Case ID: ga_108/html/0817-02.html
Source: Caselaw Access Project
Author: {"author": "Fish, J.", "license": "Public Domain", "url": "https://static.case.law/"}
Date Created: 2024-08-24T03:29:51.129683

Ragsdale v. Shipp.
    Argued June 17,
    Decided August 2, 1899.
    Certiorari. Before Judge Fite. Paulding superior court. August term, 1898.
    
      A. L. Bartletm L. M. Washington, and J. M. Dams, for plaintiff.
    
      J. J. NorthcmL for defendant.
   Fish, J.

1. The mere expression by a seller of his opinion or belief will not constitute him a warrantor.

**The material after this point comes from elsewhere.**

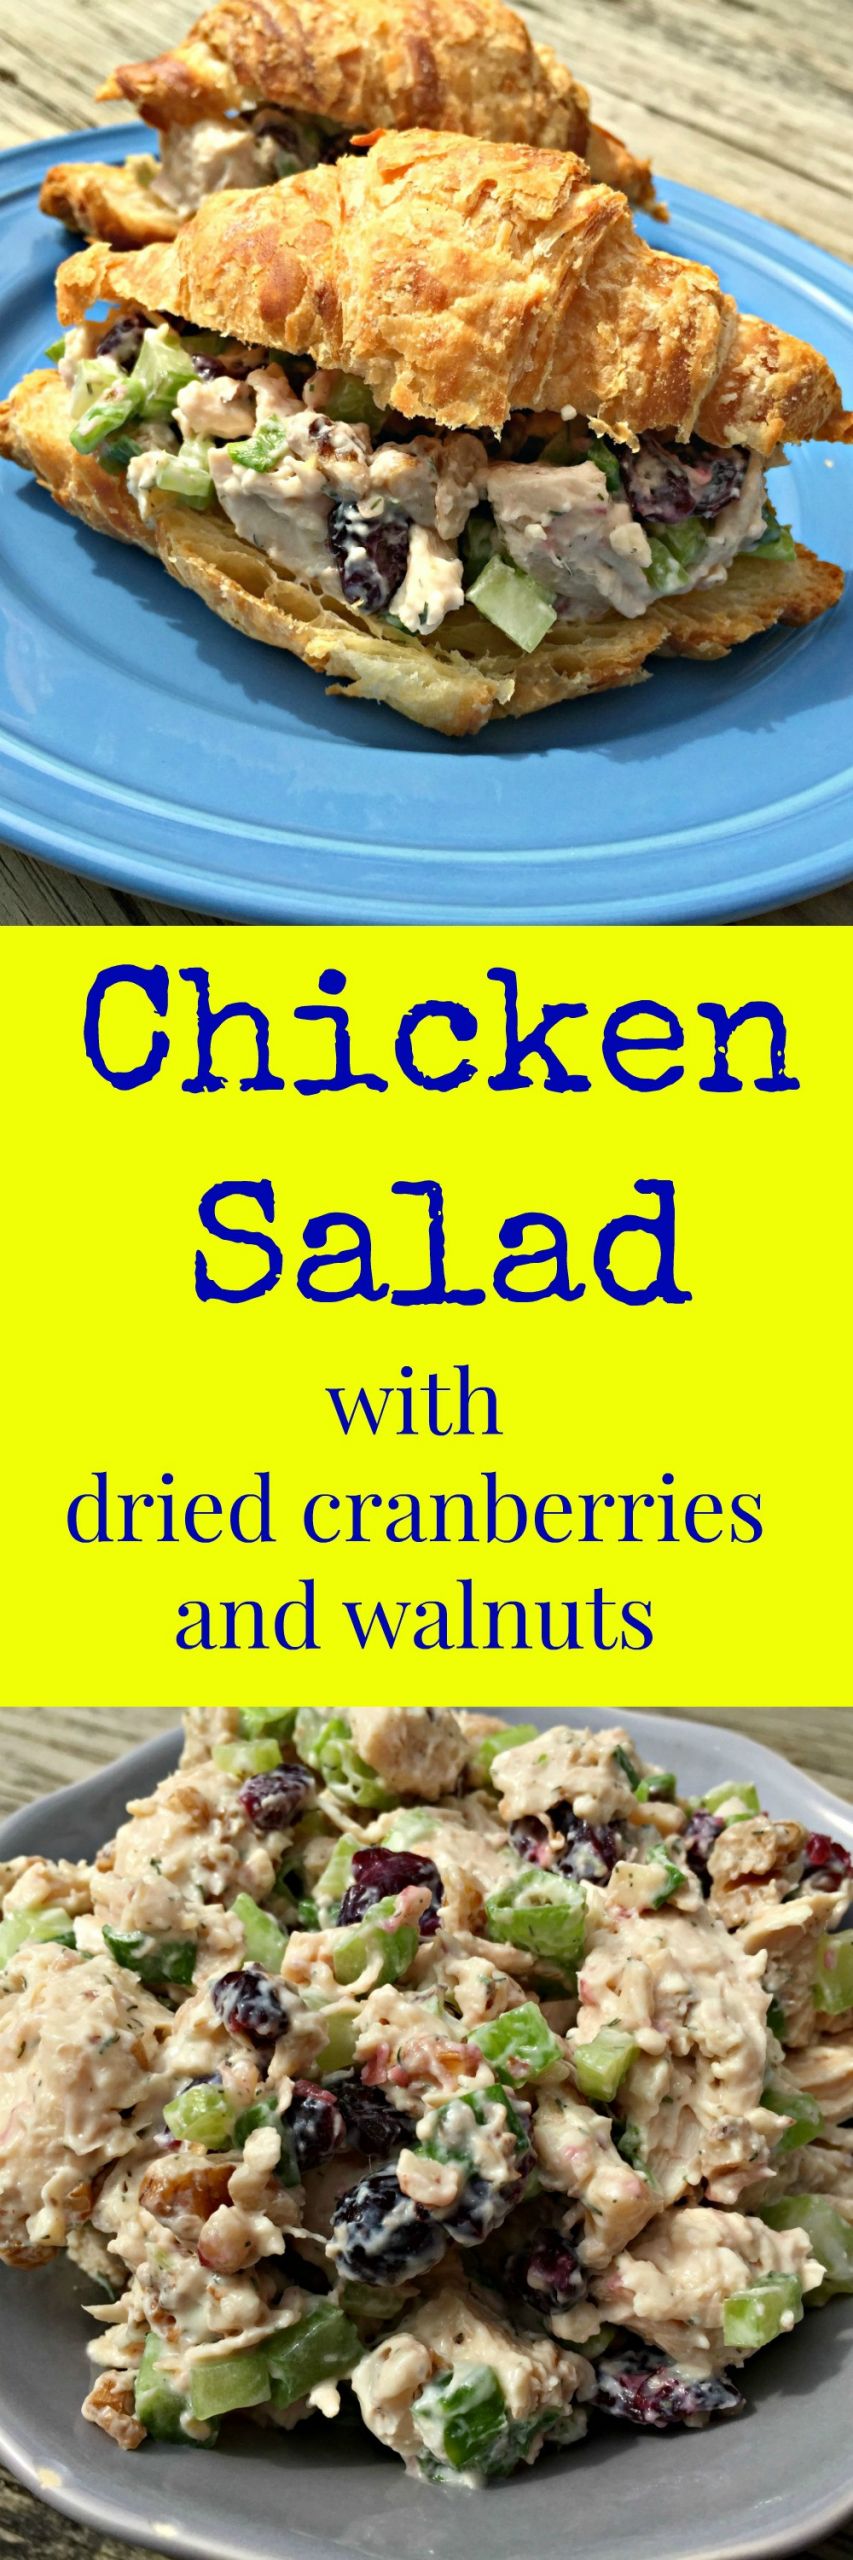 Chicken Salad With Dried Cranberries
 Chicken Salad with Dried Cranberries and Walnuts

Where during the negotiation of a trade for a mule the buyer in examining the animal found that it “ looked very sleepy and bad and was swollen under the throat and [he] asked what was the matter with [it], and [the seller] said that it had shipping cold and would be all right in a few days,” there being nothing to show that the buyer did not then have as full knowledge of the nature and extent of the disorder as the seller-had, and it not appearing that the buyer did not rely upon his own judgment as to the probable result of the disease, rather than upon the declaration of the seller: Held, that the statement of the seller, under the circumstances, was not an express warranty, but simply an expression of his opinion or belief.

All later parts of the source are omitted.